Latent Class Analysis (LCA) is a statistical technique used to identify unobserved or latent subgroups within a population based on observed categorical variables. It is a type of finite mixture modelling that assumes the population consists of several distinct groups, each characterized by a unique pattern of responses or probabilities on the observed variables. It provides a valuable tool for understanding heterogeneity within populations and can help researchers gain insights into the characteristics and behaviour of different subgroups.
The goal of LCA is to assign individuals to the most appropriate latent class based on their patterns of responses to a set of categorical variables, which in this setting is employment barriers. It allows researchers to understand the underlying structure or typology of a population by identifying groups of individuals who share similar response patterns. In other words, it allows us to identify groups of individuals who share similar employment barriers.
LCA assumes that the observed categorical variables (i.e., the employment barriers) are indicators of the latent classes and that the relationship between the latent classes and the observed variables can be captured by probabilities.
The process of conducting LCA involves several steps. First, the number of latent classes needs to be specified based on theoretical considerations and/or model fit criteria. This process is described further below. Then, the model estimates the latent class probabilities and item-response probabilities using maximum likelihood estimation.

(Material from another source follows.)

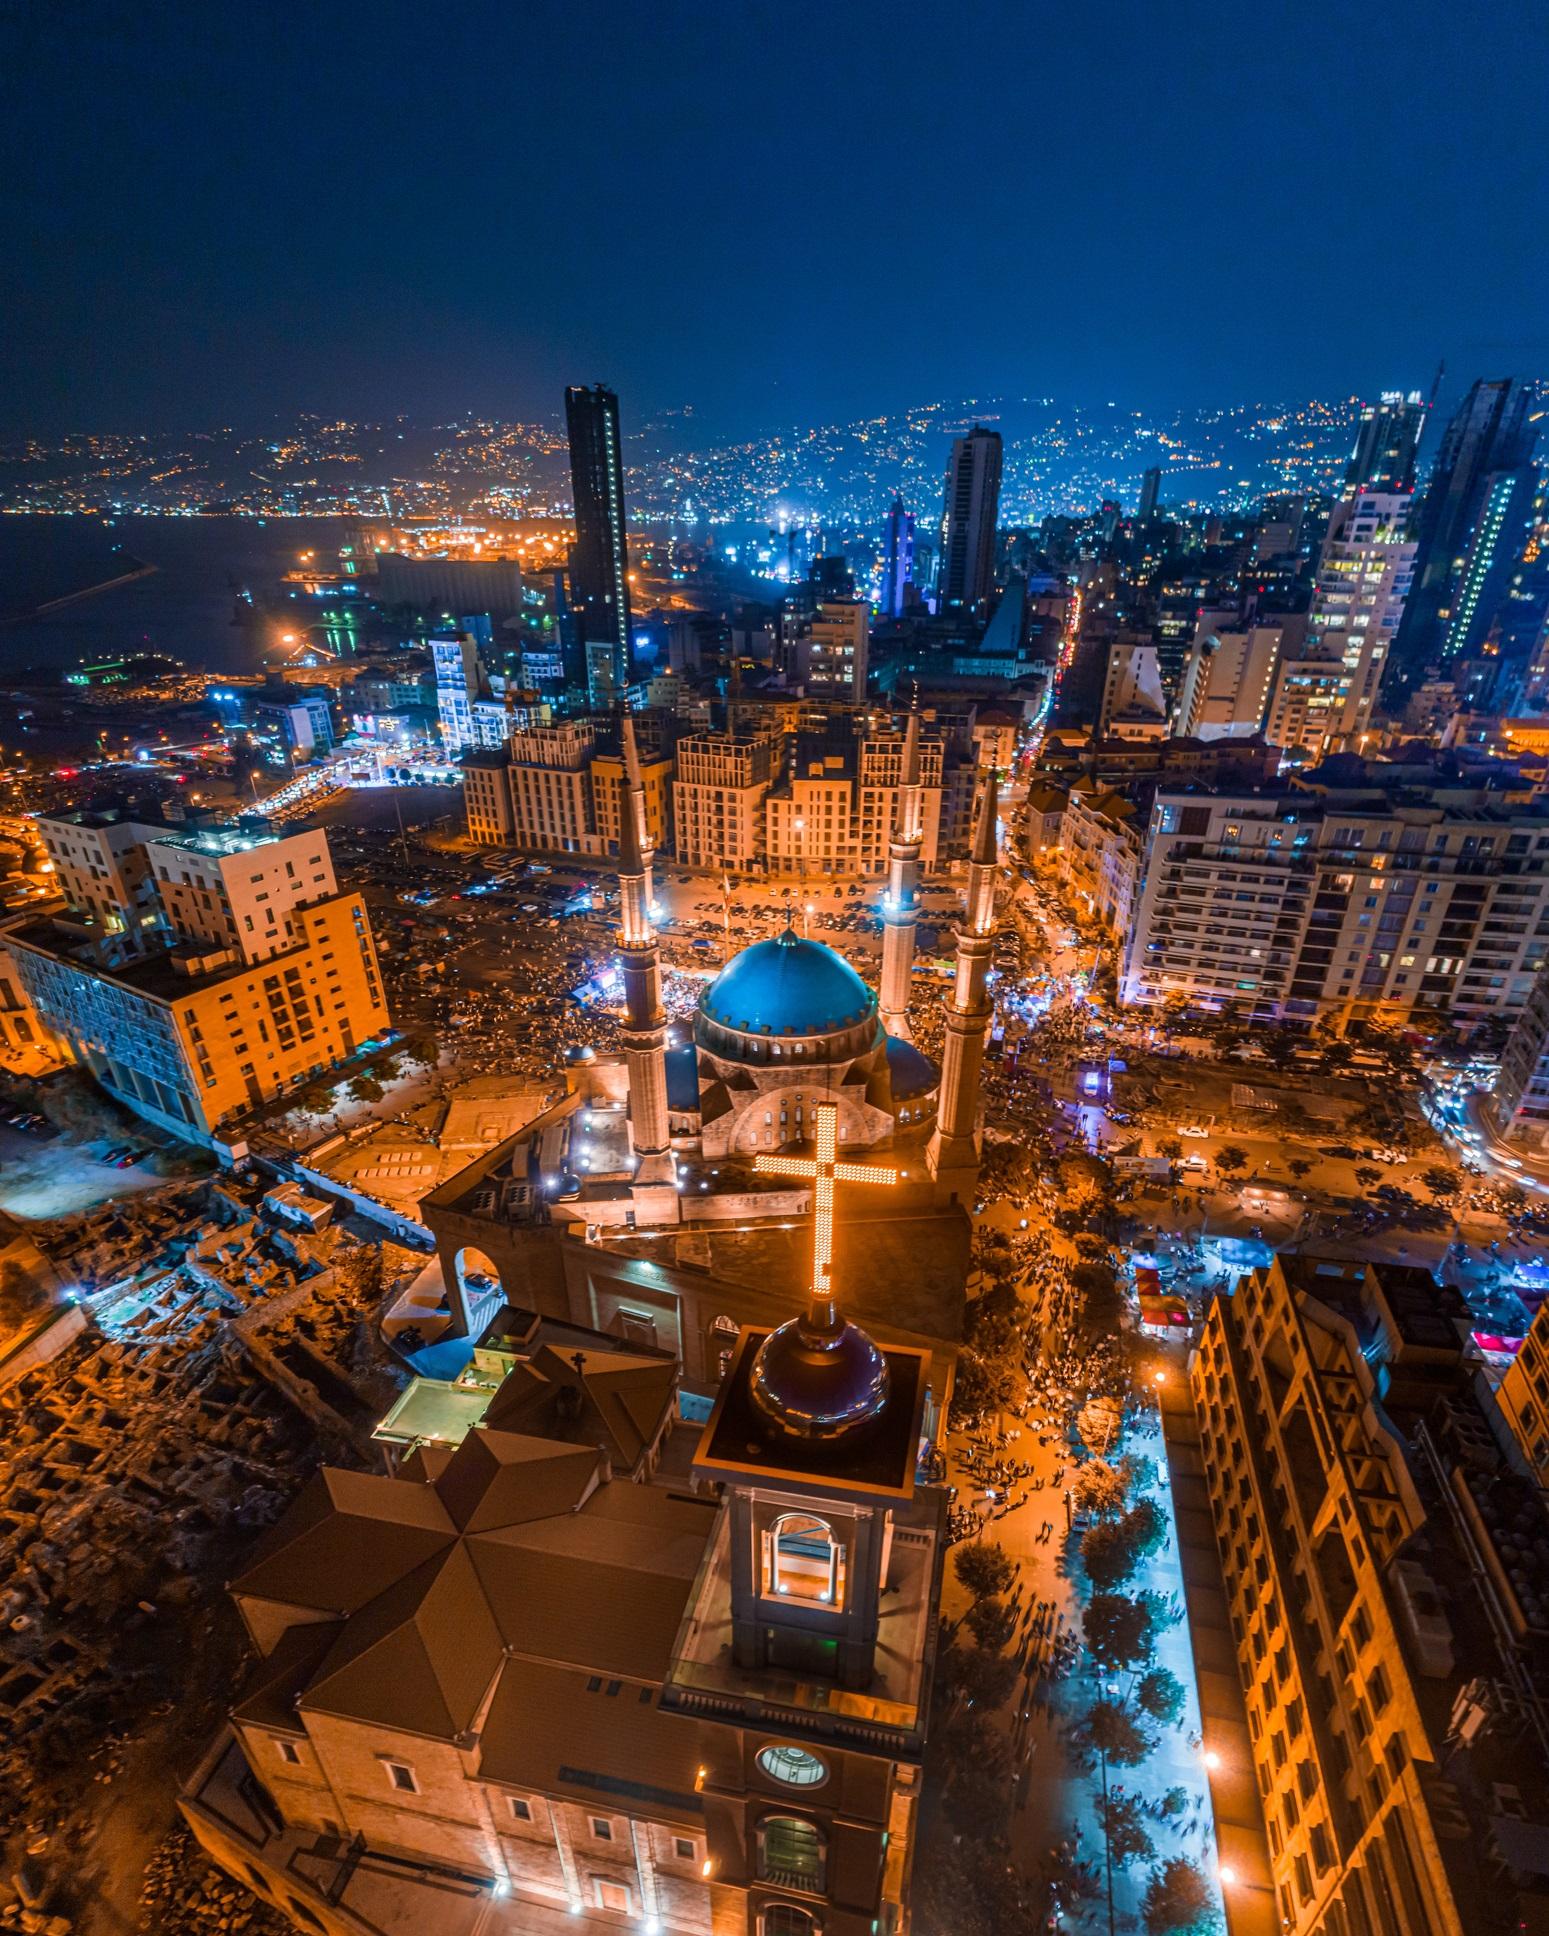 <p><strong>№4 Бейрут, Ливан</strong></p>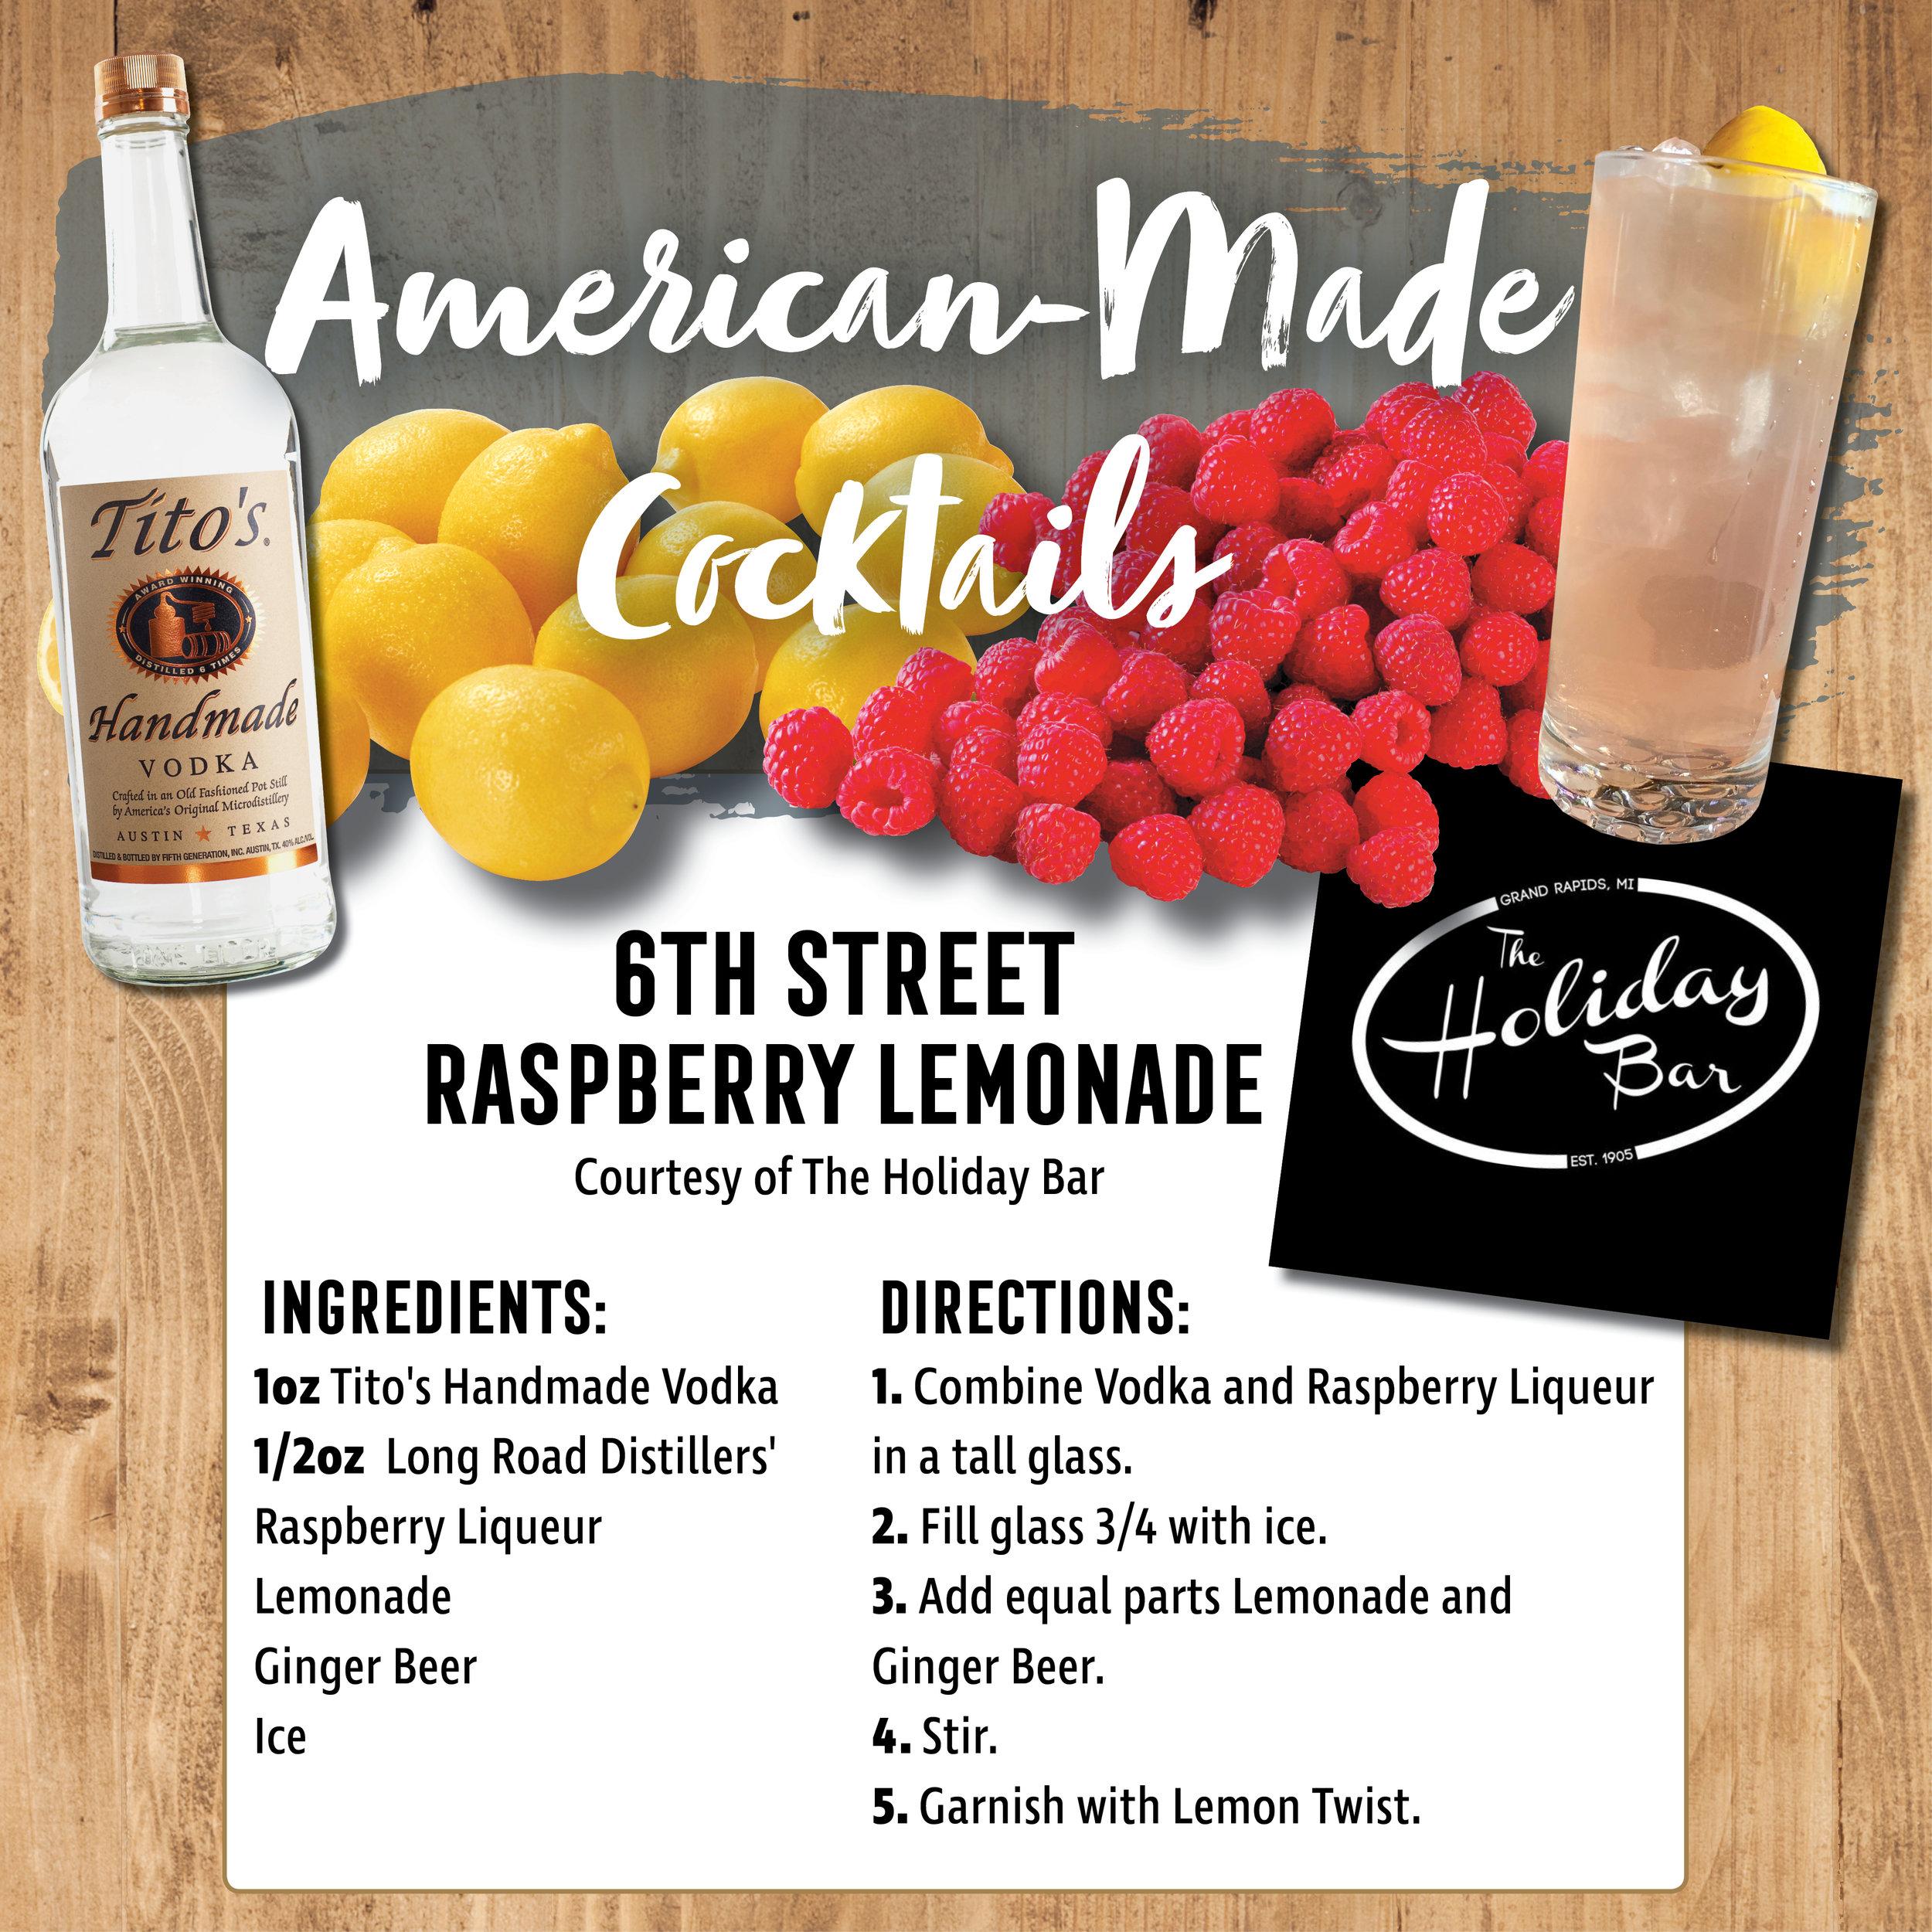 6th Street Raspberry Lemonade Holiday Bar.jpg

Once the model is estimated, individuals can be assigned to the most likely latent class based on their response patterns.
As mentioned above the number of latent classes needs to be specified based on theoretical considerations and/or model fit criteria. We use both strategies to determine the optimal number of groups. The point of departure is a baseline model with the ten identified barriers as the only inputs. We then estimate 20 model with number of groups varying from 1 to 20 groups. Similar to Fernandez et al. (2016), we calculate the Akaike Information Criterion (AIC), the Bayesian Information Criterion (BIC) and the classification error for each model.